Background to the project

The provision of healthy modern housing ‘for all’ was one of the first and foremost ideals of the Modern Movement, and inspired a vast wave of planning and building across the world during the 20th century. Initially confined, between the wars, to avant garde projects in Europe and America, after 1945 mass housing underwent a dramatic expansion in pace and scale, as countries east and west sought to build for, and mobilise, their ‘people’.

In the last quarter of the century, even as these programmes fell into disrepute and decline in their heartlands, the baton was passed on to other countries, such as Singapore, Hong Kong and South Korea, where the narrative of Modern mass housing was reinvigorated for the next century. In sharp contrast to the commodification and debasement of much Modernist ‘form’ by contemporary ‘iconic signature architecture’, this is a unique example of a key Modernist project that actually continues and thrives today, with very little compromise of its original ideals.

As heritage, the built legacies of this diverse and multi-generational adventure are almost always too controversial to qualify for conservation strategies. Instead, therefore, recording and inventorisation must almost entirely represent the heritage interest in this field. In the recognition of that fact, ISC/U+L has launched a multi-strand analysis and database project focused on mass housing, including research in key centres of activity, and pilot database initiatives.

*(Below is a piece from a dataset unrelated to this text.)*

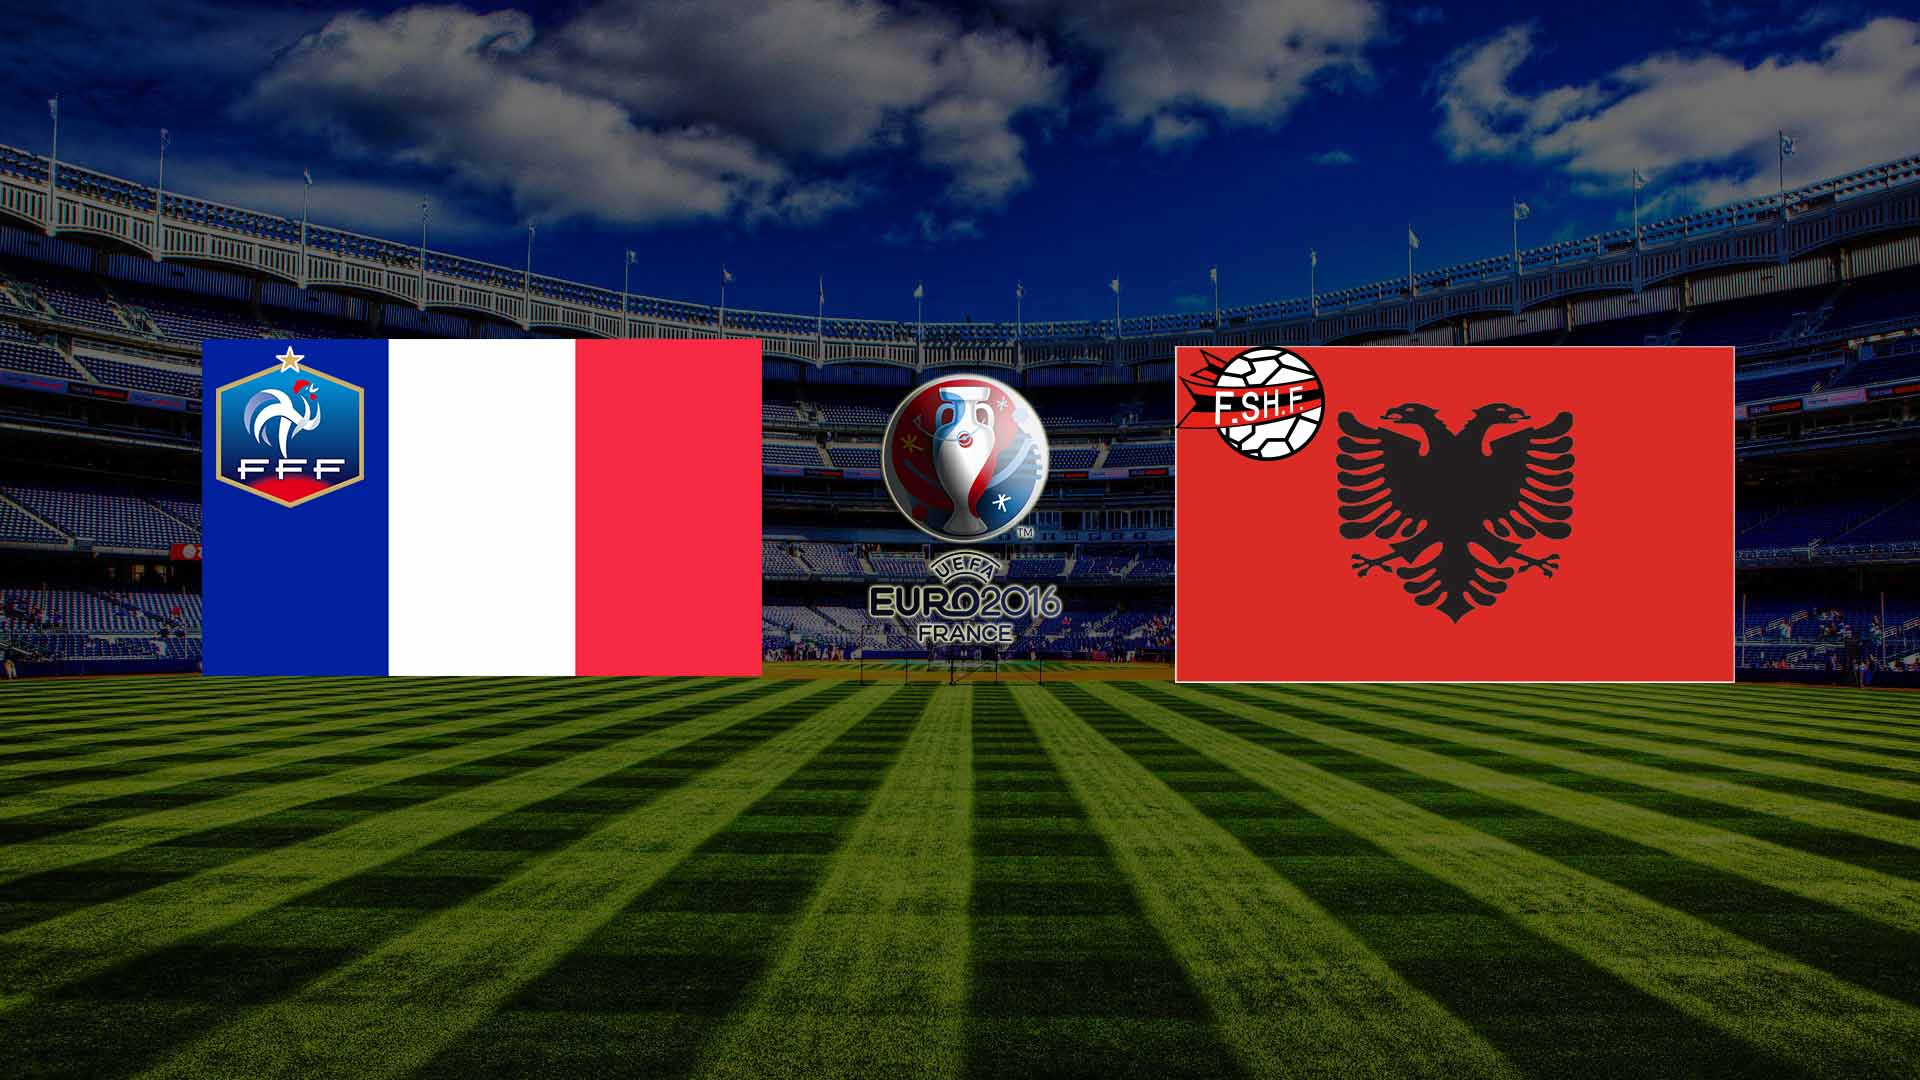 Прогноз на матч Франция - Албания Чемпионата Европы 2016, 15 июня

Building on initial pilot studies within Scotland and England, the International Mass Housing Image Bank represents a first stage in that strategy. Using a WordPress blog subdivided under headings corresponding to the constituent working groups of DOCOMOMO (and in a hierarchy of towns and individual projects: see headings and subheadings accessible from this page→), it is intended to provide an open-access, copyright-free library of ‘historic images’, mostly taken c.1970-80, of significant housing projects in each working-group territory.

Initially, the Image Bank will be managed and augmented centrally by ISC/U+L, working from our own photo archive in the first instance, but it is hoped soon to enhance the system to allow the uploading of images supplied by working-groups - perhaps as a part of future DOCOMOMO ‘homework’.